:: Information supplied ::
+++

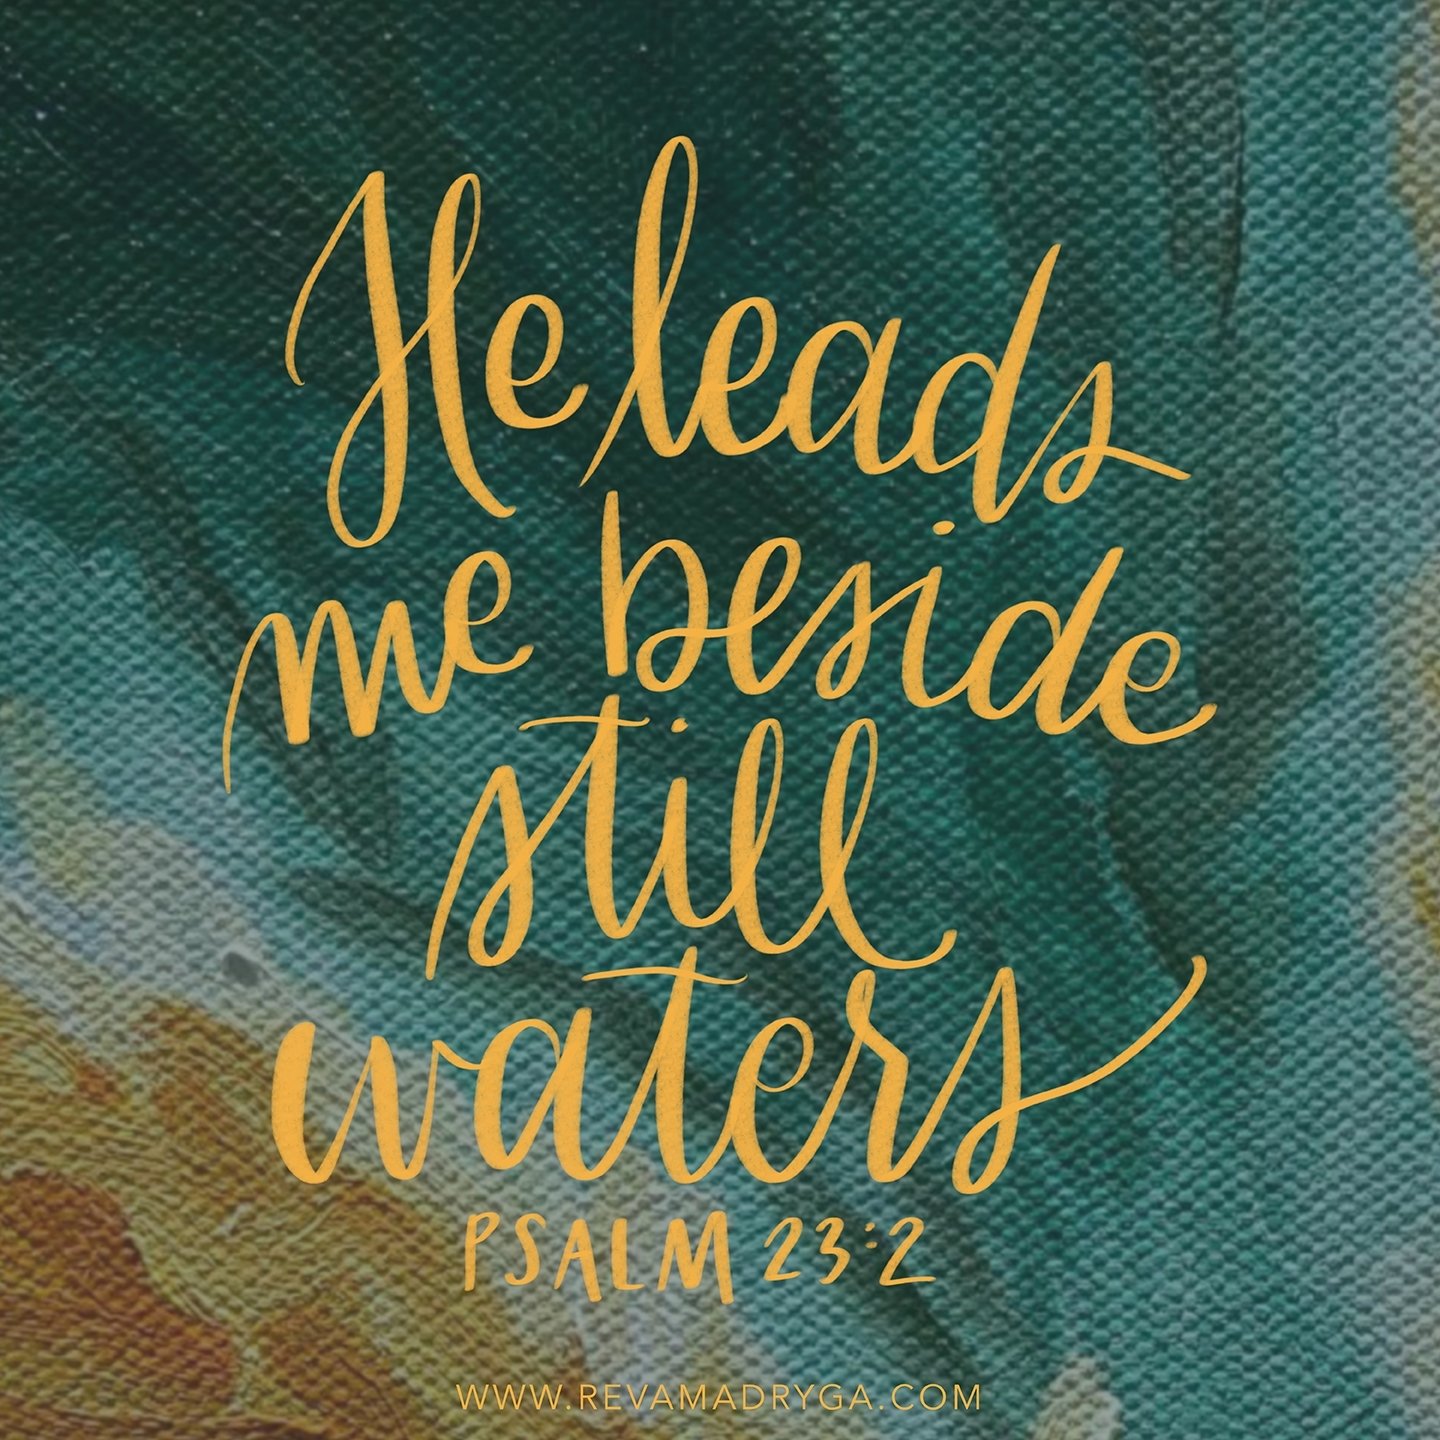 He makes me lie down in green pastures.
He leads me beside still waters.

Psalm 23:2

+++

:: Try it ::
Restate, word for word, all of the material above, leaving out the images.

:: Completed exercise ::
 He makes me lie down in green pastures.
He leads me beside still waters.

Psalm 23:2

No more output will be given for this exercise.